NK-2 Homeobox Gene. The first known step in the zygotic development of part of the Drosophila CNS is the expression of the
NK-2 gene. During the past year, proteins that regulate the expression of the NK-2 gene were identified by determining the
expression of the NK-2 gene in embryos with mutations in various genes. The results show that the NK-2 gene is activated
in the ventral half of the embryo, presumably by dorsal protein, which is distributed in nuclei in a ventral-dorsal concentration
gradient. The NK-2 gene is-activated but not expressed in the most ventral horizontal stripe of nuclei, the mesodermal anlage,
due to repression by snail, a zinc finger protein, or in the adjacent horizontal stripe of nuclei, the mesectodermal anlage,
due to repression by single-minded and Enhancer of split m8, which are basic, helix-loop-helix proteins. However, the NK-2
gene is expressed by nuclei in the ventral half of the ventrolateral neurogenic anlage early in Prosopbila embryonic development
as the nuclei undergo commitment to the neuroblast pathway of differentiation, or soon thereafter. Initially, the NK-2 gene
is expressed fairly uniformly in a horizontal stripe of nuclei about 7 nuclei in width on each side that extends over 90%
of the length of the embryo. During gastrulation, the horizontal stripe of cells expressing NK-2 is converted to 12 vertical
stripes by repression of the NK-2 gene in some cells. Later, 26 clusters of cells that express the NK-2 gene are formed on
each side, presumably by repression of the NK-2 gene in additional cells. Therefore, 2 clusters of neuroectodermal cells that
synthesize NK-2 RNA are formed per hemisegment that are precursors of many neuroblasts in the ventral nerve cord.
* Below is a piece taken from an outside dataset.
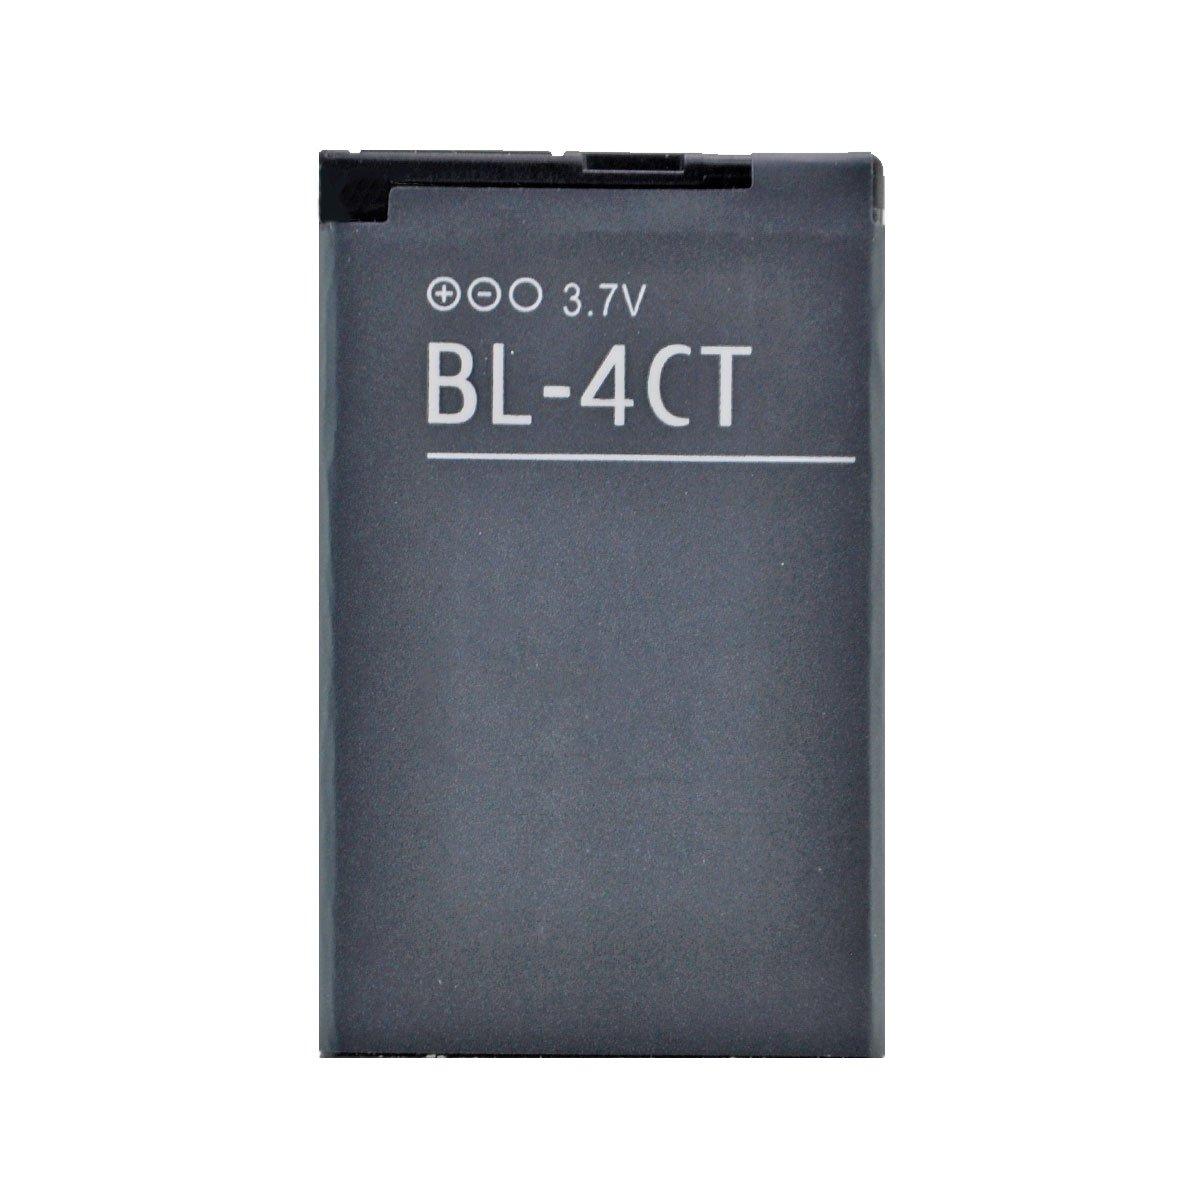 Аккумуляторная батарея для Nokia X3 BL-4CT
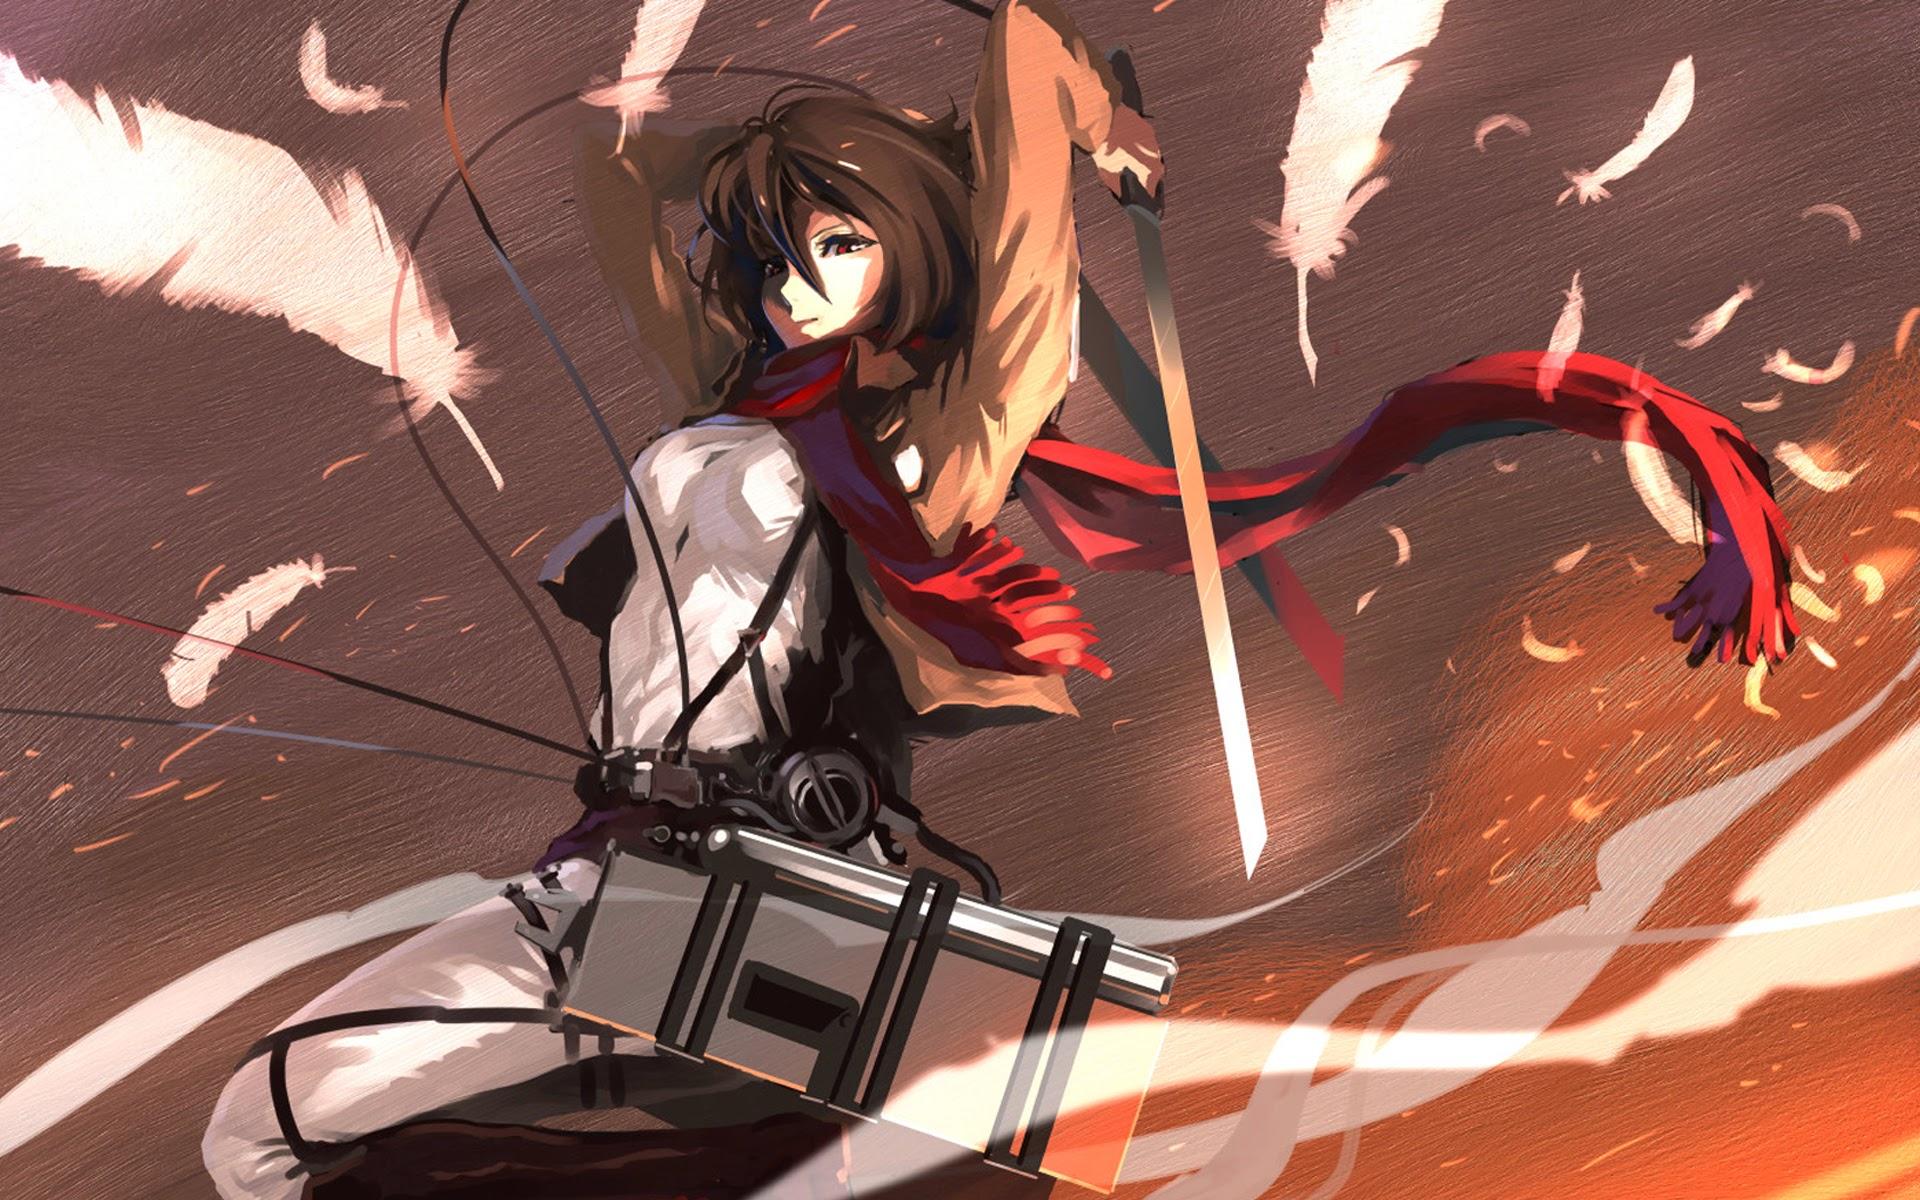 682073 Title Anime Attack On Titan Mikasa Ackerman Attack On Titan Wallpaper Mikasa And Eren 1920x1200 Download Hd Wallpaper Wallpapertip

Twenty high-affinity and 13 low-affinity NK-2 binding sites were found in 2.2 kb of DNA from the 5 -upstream region of the
NK-2 gene, which suggests that NK-2 protein may be required to maintain the expression of the NK-2 gene. Putative sites for
other proteins that overlap or are adjacent to the NK-2 protein binding sites were found. The conversion of neuroectodermal
cells to neuroblasts is accompanied by activation of the snail gene in the neuroblasts, thereby repressing activation of the
NK-2 gene by dorsal protein. The results suggest that the NK-2 gene receives and integrates information from the ventral-dorsal
and anterior-posterior gradients of gene regulators that is needed to generate a pattern of clusters of neuroectodermal cells
that synthesize NK-2 RNA that are precursors of different types of neuroblasts.
One of the major goals in neurobiology is to understand how the nervous system is assembled. Studies on the NK-2 homeobox
gene led to some novel ideas and to a hypothesis which predicts the overall strategy of the gene program (that is the rules)
for the early development of part of the CNS of Drosophila. Every aspect of the hypothesis can be tested experimentally using
the NK-2 gene. With a slight modification the hypothesis also applies to the assembly of part of the mammalian CNS.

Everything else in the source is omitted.